Всеми этими и другими воспоминаниями и переживаниями Ла-евский делится бурно, бия себя кулаком в грудь, самоуничижаясь. И потому его собеседник, доктор Самойленко (в превосходном исполнении А. Папанова), переполняется сочувствием, советами, уговорами.
Главный герой этого фильма, конечно, не фон Корен, зоолог приехавший в этот край изучать флору и фауну Черного моря, — а Лаевский. Но без фон Корена нет противостояния, нет конфликта. Стреляться на дуэли, перевернувшей затем весь уклад его жизни, Лаевский будет с фон Кореном. И в связи с личностью фон Корена раскрывается личность Лаевского, человека беспорядочного, пьющего и быстро разочаровывающегося во всем, к чему бы он не прикоснулся. Эту-то личность и ненавидит правильный фон Корен.
А фон Корен? Хуже всего, а, следовательно, всего живописнее, о нем может рассуждать Лаевский, его враг и антипод.

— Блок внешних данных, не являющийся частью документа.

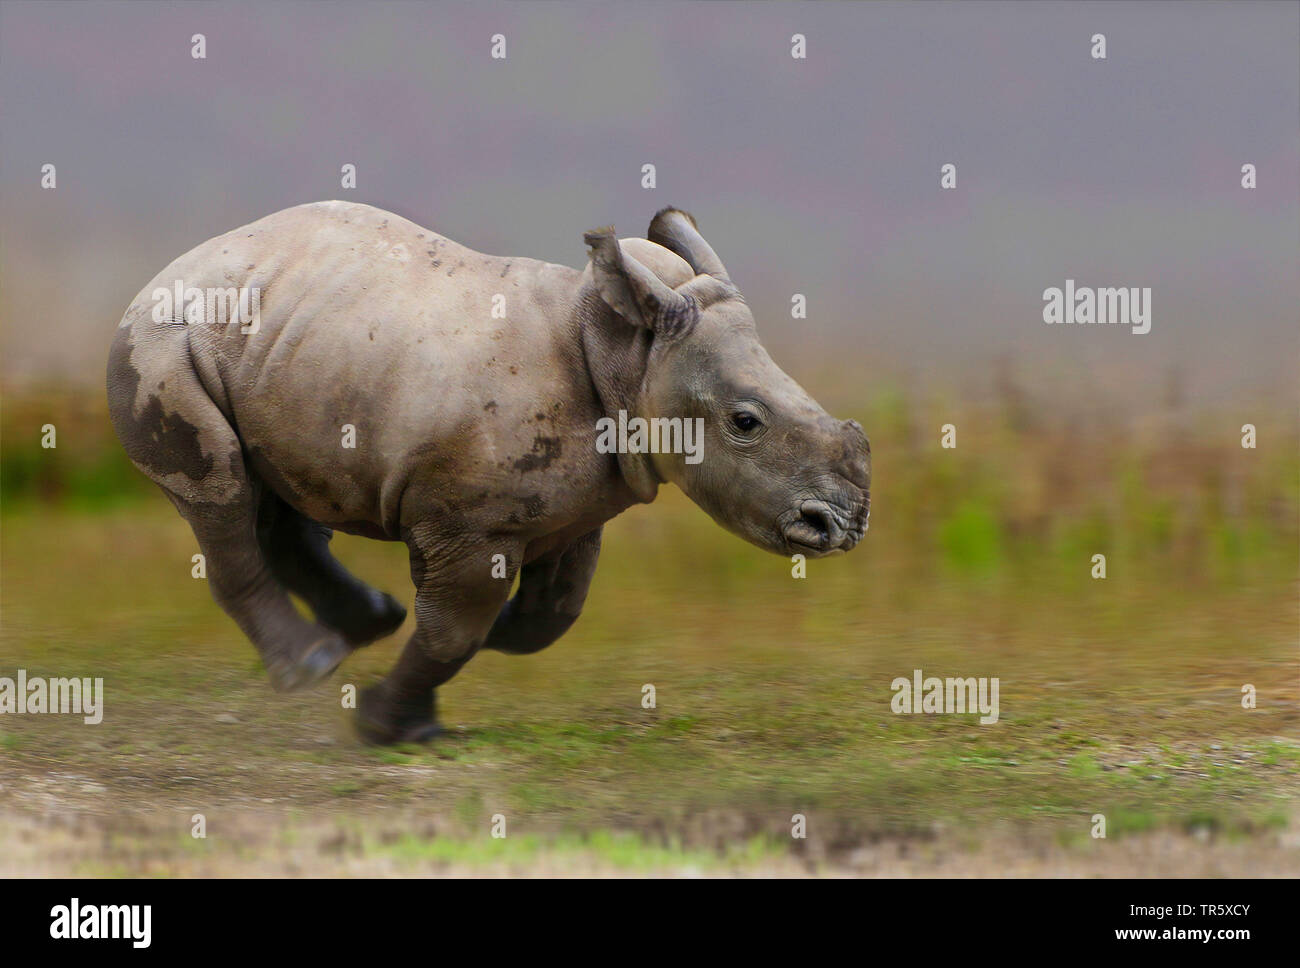 running baby rhinoceros, side view Stock Photo

— Это натура твердая, сильная, деспотическая… он постоянно говорит об экспедиции, и это не пустые слова… Ему нужна пустыня, лунная ночь: кругом в палатках и под открытым небом спят его голодные и больные, замученные тяжелыми переходами казаки, проводники… и не спит только один он и, как Стэнли, сидит на складном стуле и чувствует себя царем пустыни и хозяином этих людей. Он идет, идет куда-то, люди его стонут и мрут один за другим, а он идет и идет, в конце погибает сам и все-таки остается деспотом и царем пустыни, так как крест у его могилы виден караванам за 30–40 миль и царит над пустыней…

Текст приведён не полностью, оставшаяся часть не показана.